**Brief**
Your answer must be the full listing below, repeated exactly, with no pictures in it.
BEGIN Dataset excerpt
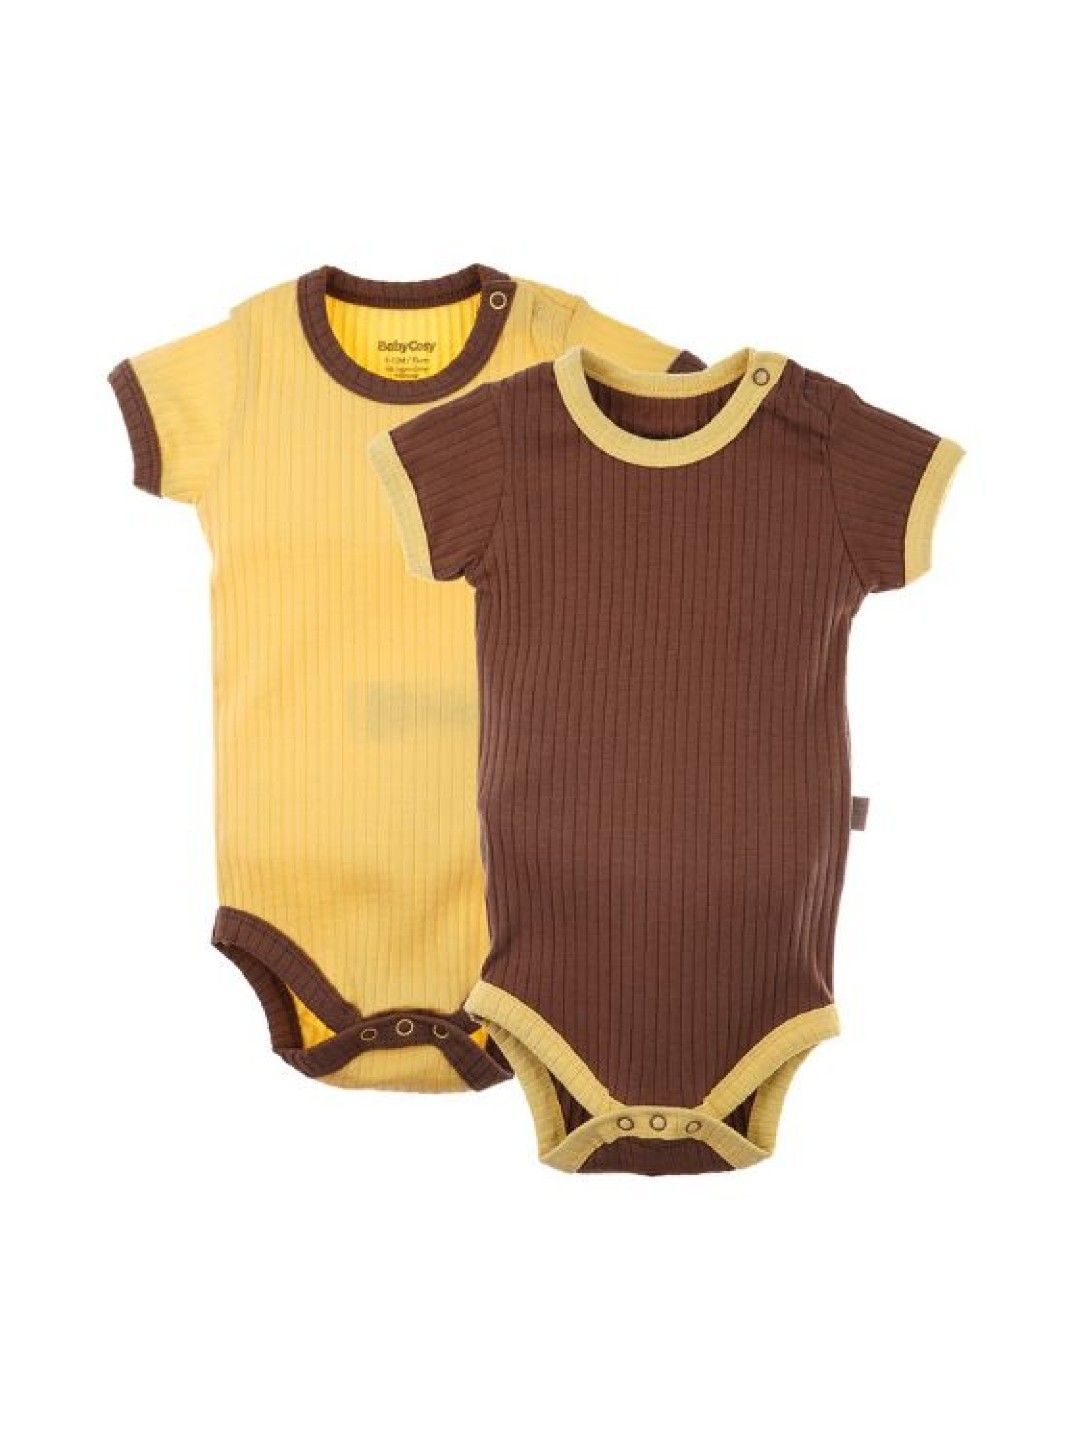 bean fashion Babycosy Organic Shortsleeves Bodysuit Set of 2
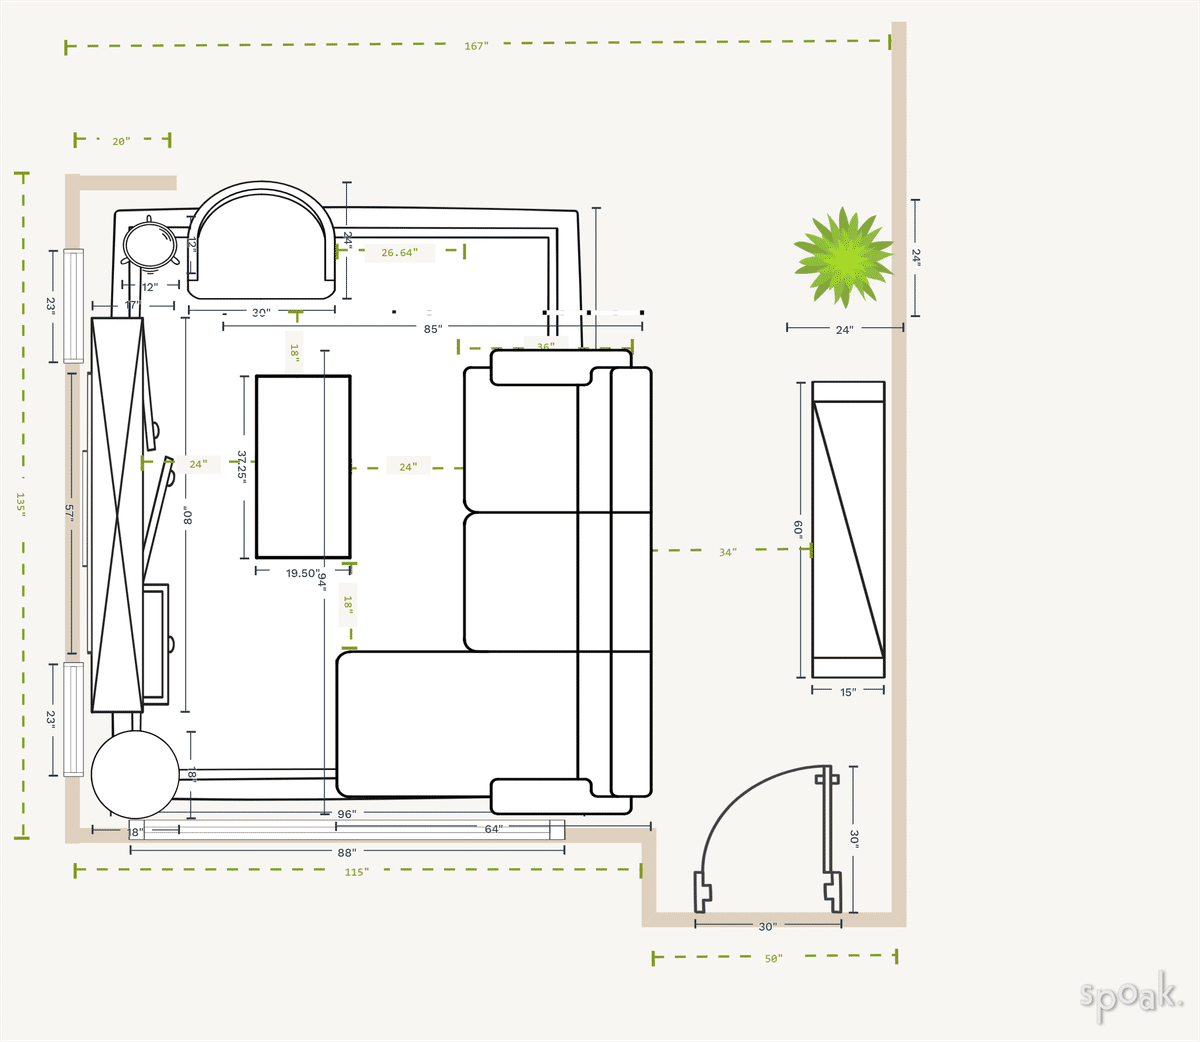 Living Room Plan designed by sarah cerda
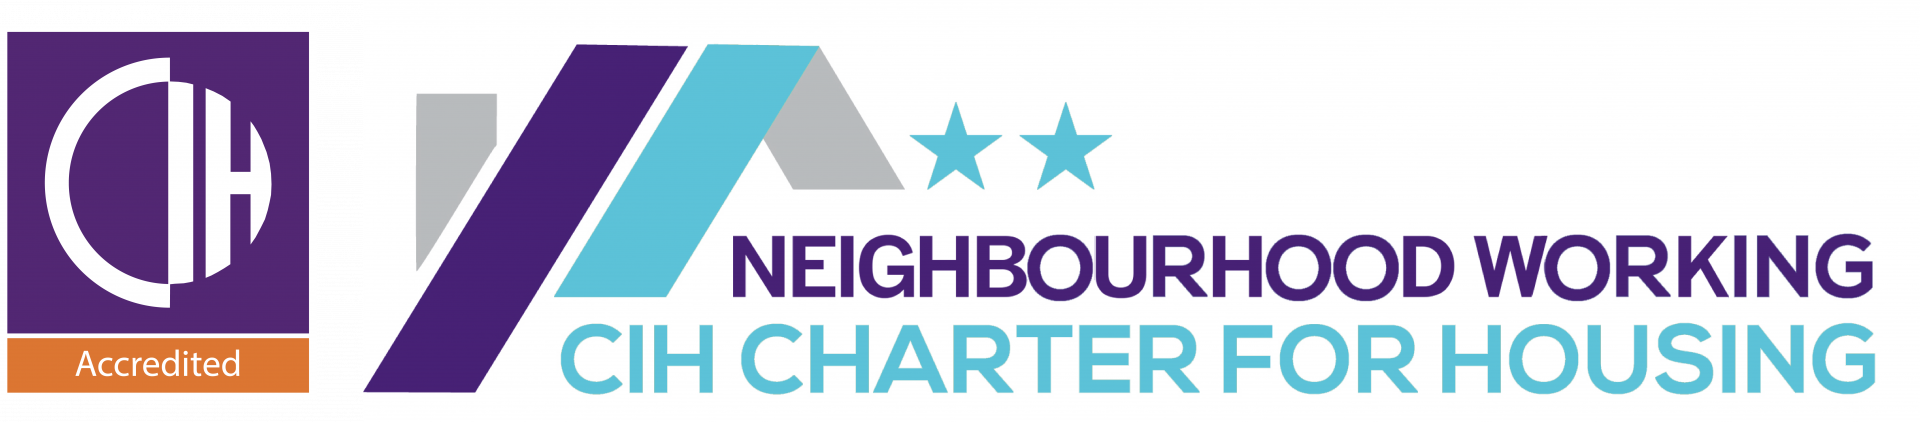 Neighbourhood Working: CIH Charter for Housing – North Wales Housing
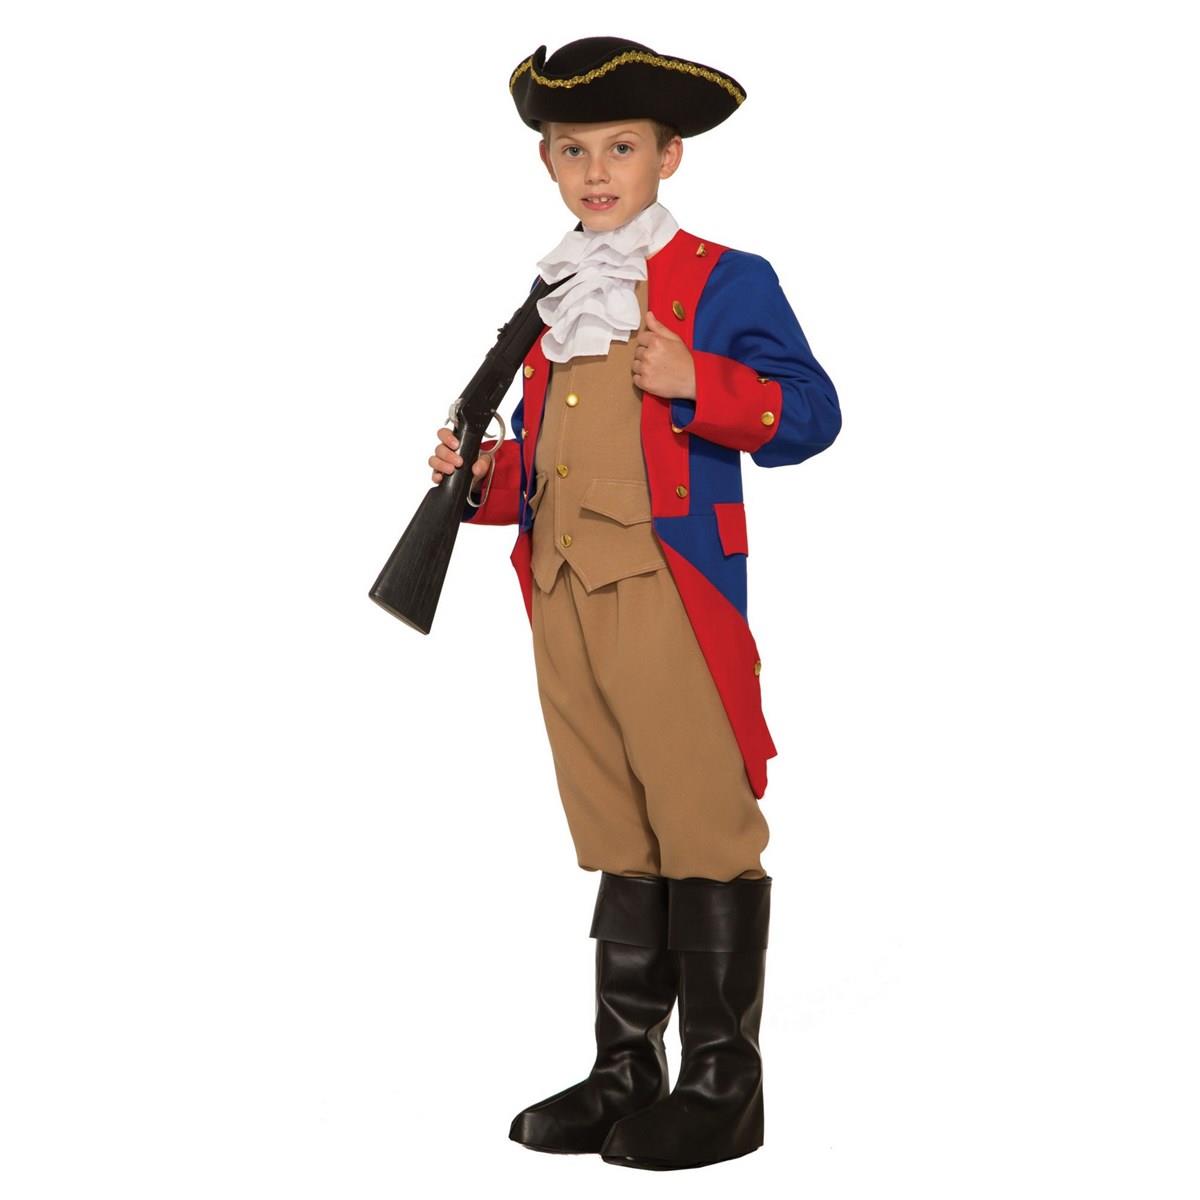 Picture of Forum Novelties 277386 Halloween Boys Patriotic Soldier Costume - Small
END Dataset excerpt
**Task response**
 bean fashion Babycosy Organic Shortsleeves Bodysuit Set of 2
 Living Room Plan designed by sarah cerda
 Neighbourhood Working: CIH Charter for Housing – North Wales Housing
 Picture of Forum Novelties 277386 Halloween Boys Patriotic Soldier Costume - Small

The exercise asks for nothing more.